-- Data provided follows --

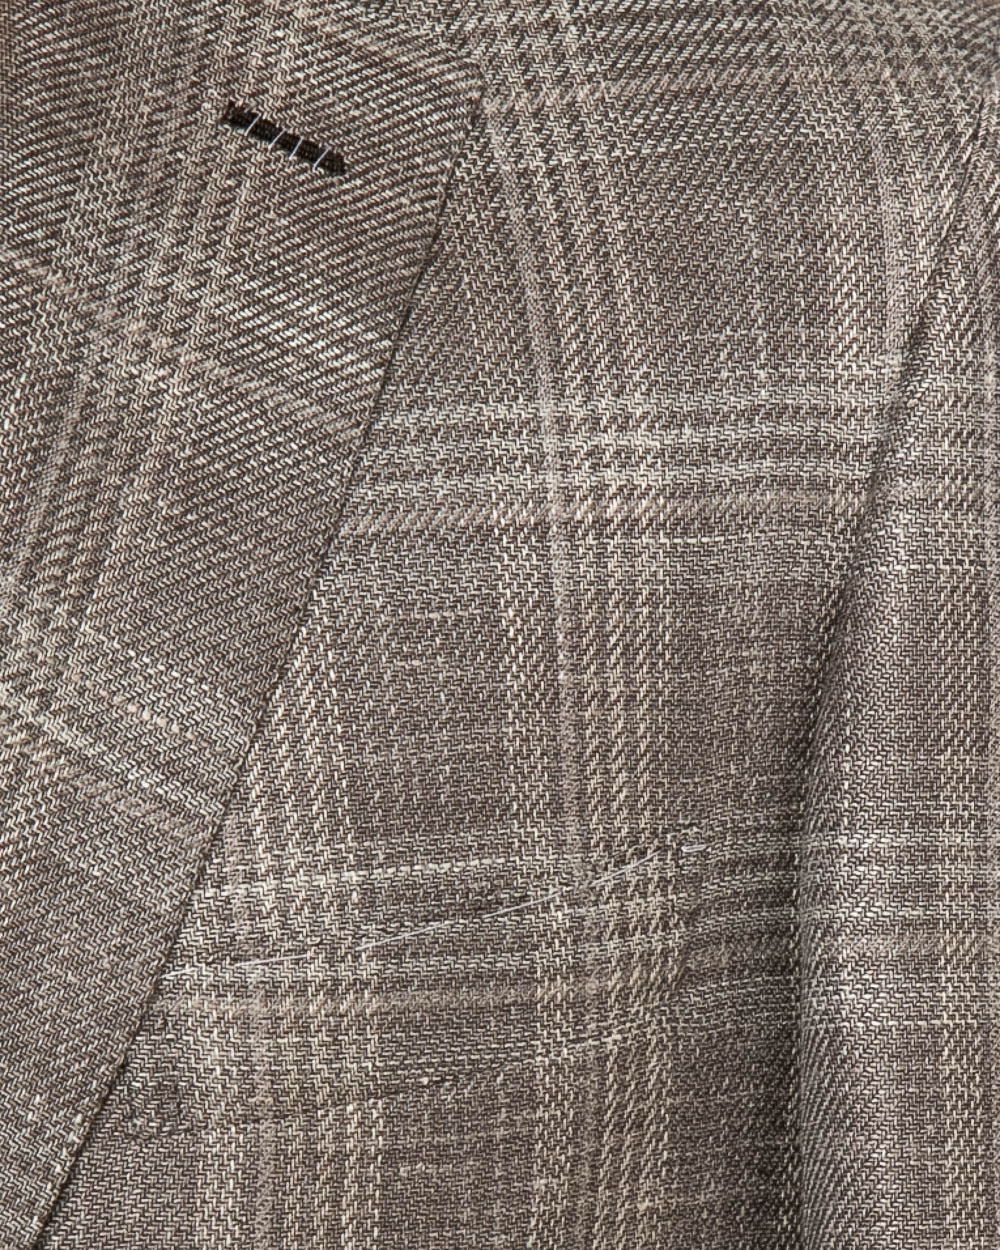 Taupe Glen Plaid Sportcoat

-- Data provided concluded --
-- Data provided follows --

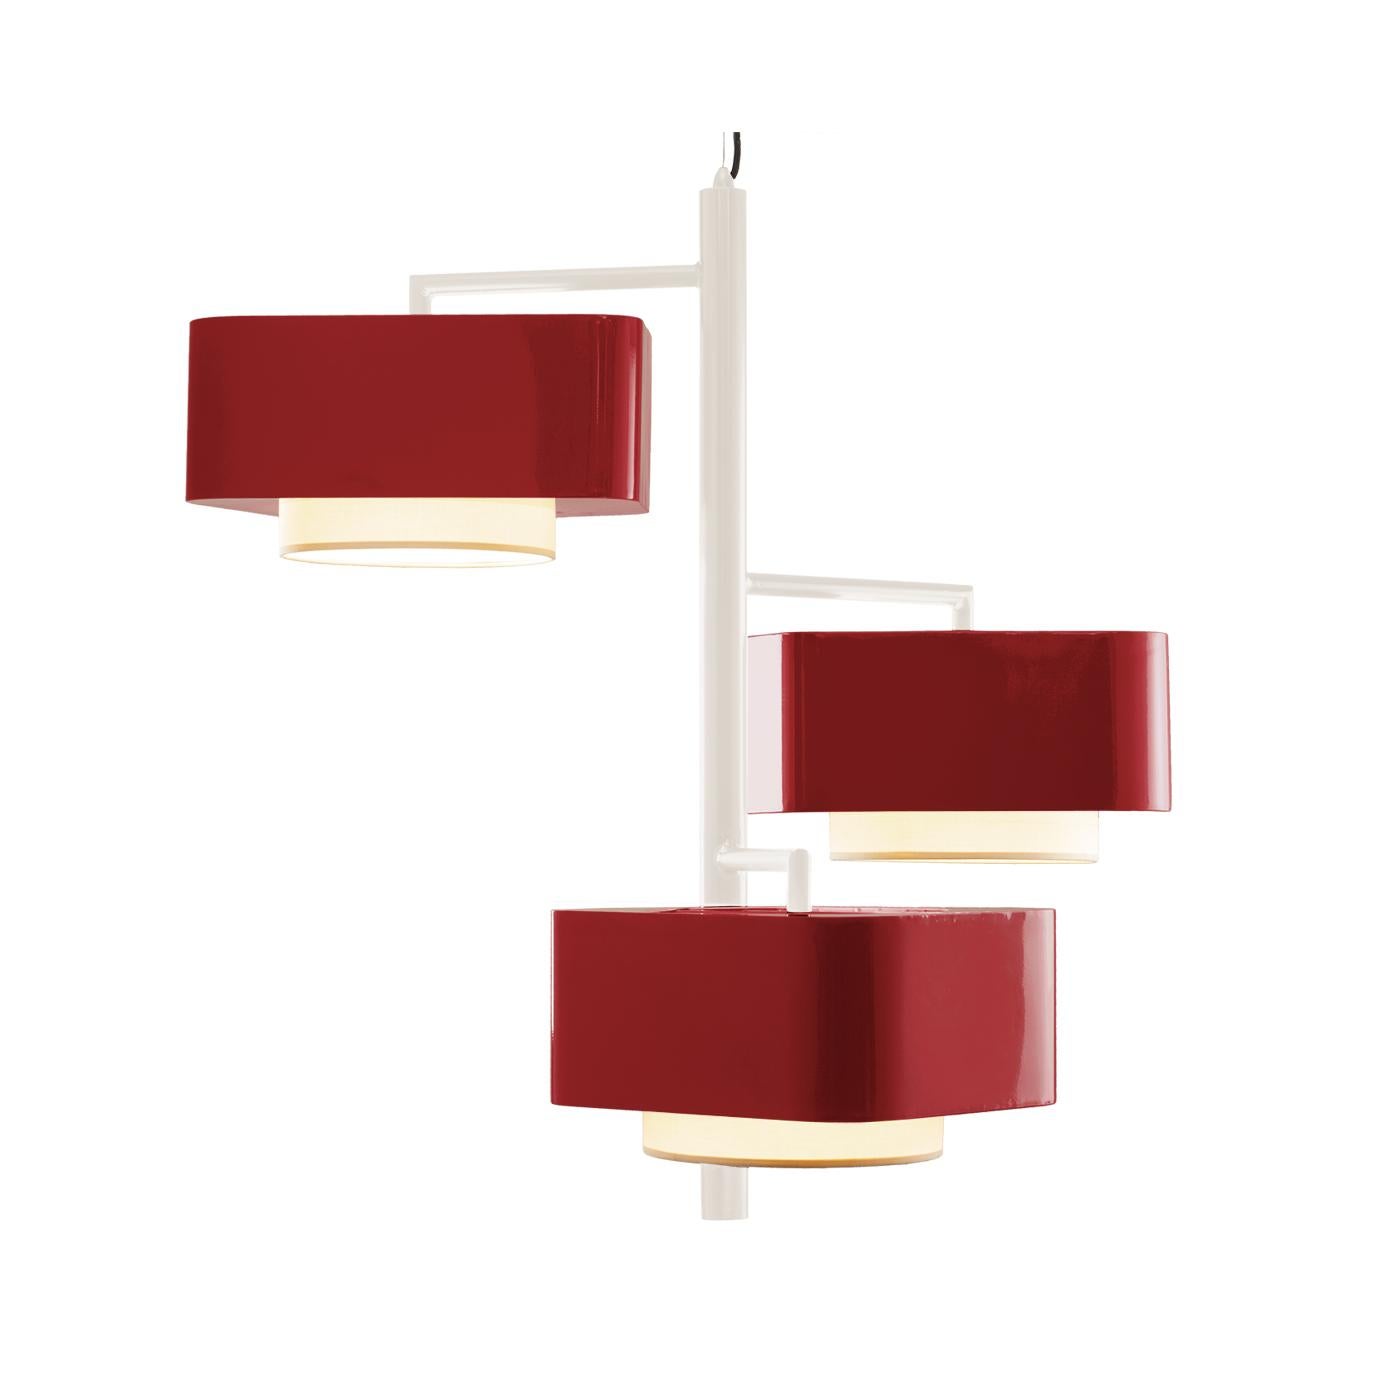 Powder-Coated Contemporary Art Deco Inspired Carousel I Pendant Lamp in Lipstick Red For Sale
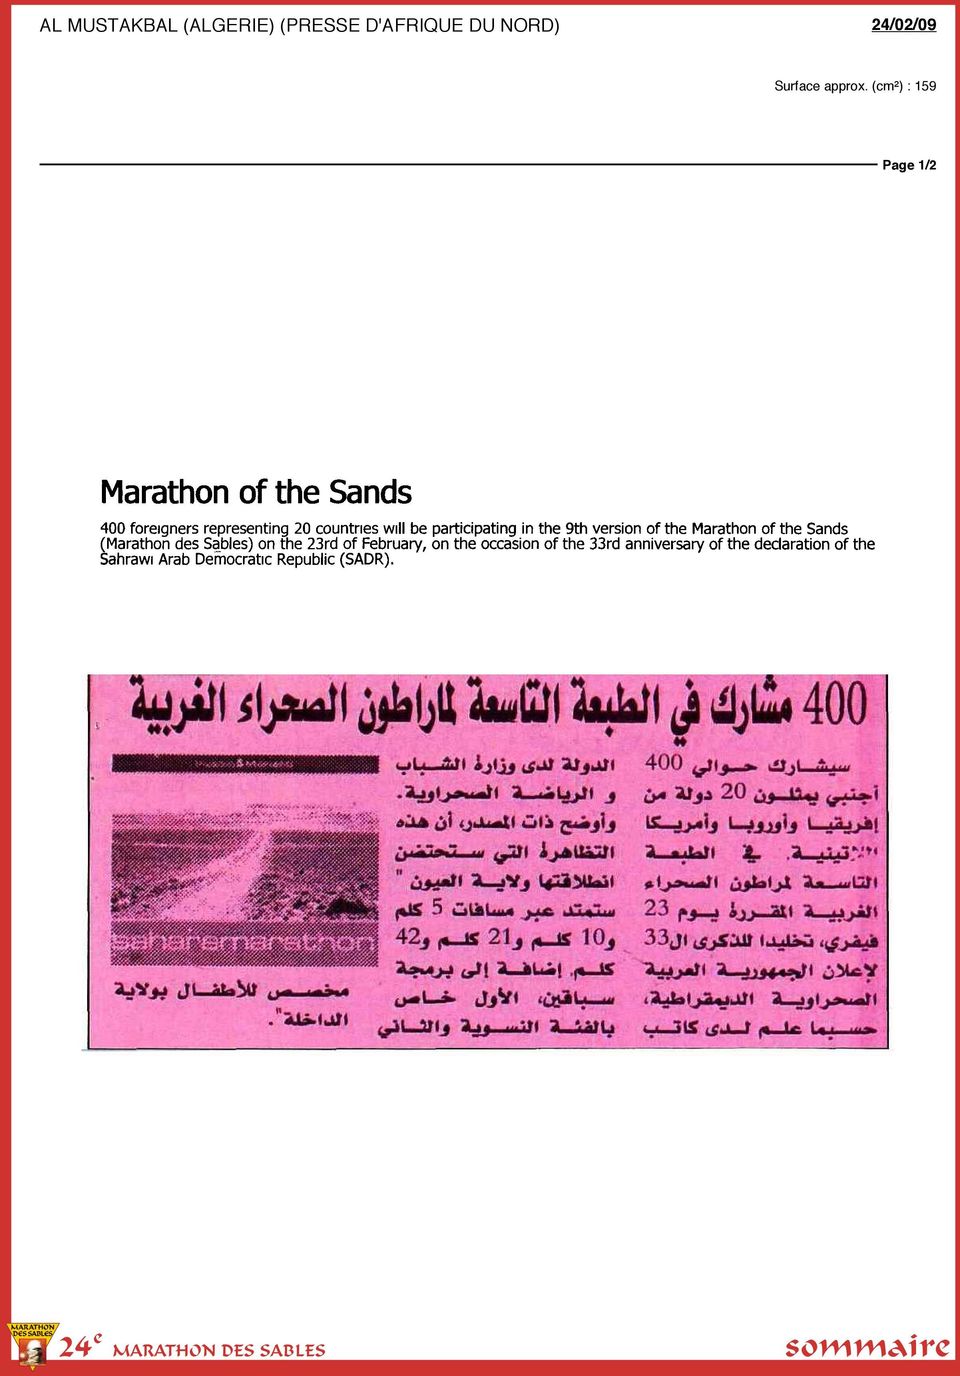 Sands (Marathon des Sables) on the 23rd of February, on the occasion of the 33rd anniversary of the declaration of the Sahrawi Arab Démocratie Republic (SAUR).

-- Data provided concluded --
-- Data provided follows --

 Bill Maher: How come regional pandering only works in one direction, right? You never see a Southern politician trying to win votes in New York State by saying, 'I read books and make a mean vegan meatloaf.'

-- Data provided concluded --

◆ **Task requirements**: Although pictures appear among the entries, please set down only the lines from the one with "Powder-Coated Contemporary Art" up to and including the one with "Sands (Marathon des", word for word.

◆ **Problem solution**:
 Powder-Coated Contemporary Art Deco Inspired Carousel I Pendant Lamp in Lipstick Red For Sale
 Sands (Marathon des Sables) on the 23rd of February, on the occasion of the 33rd anniversary of the declaration of the Sahrawi Arab Démocratie Republic (SAUR).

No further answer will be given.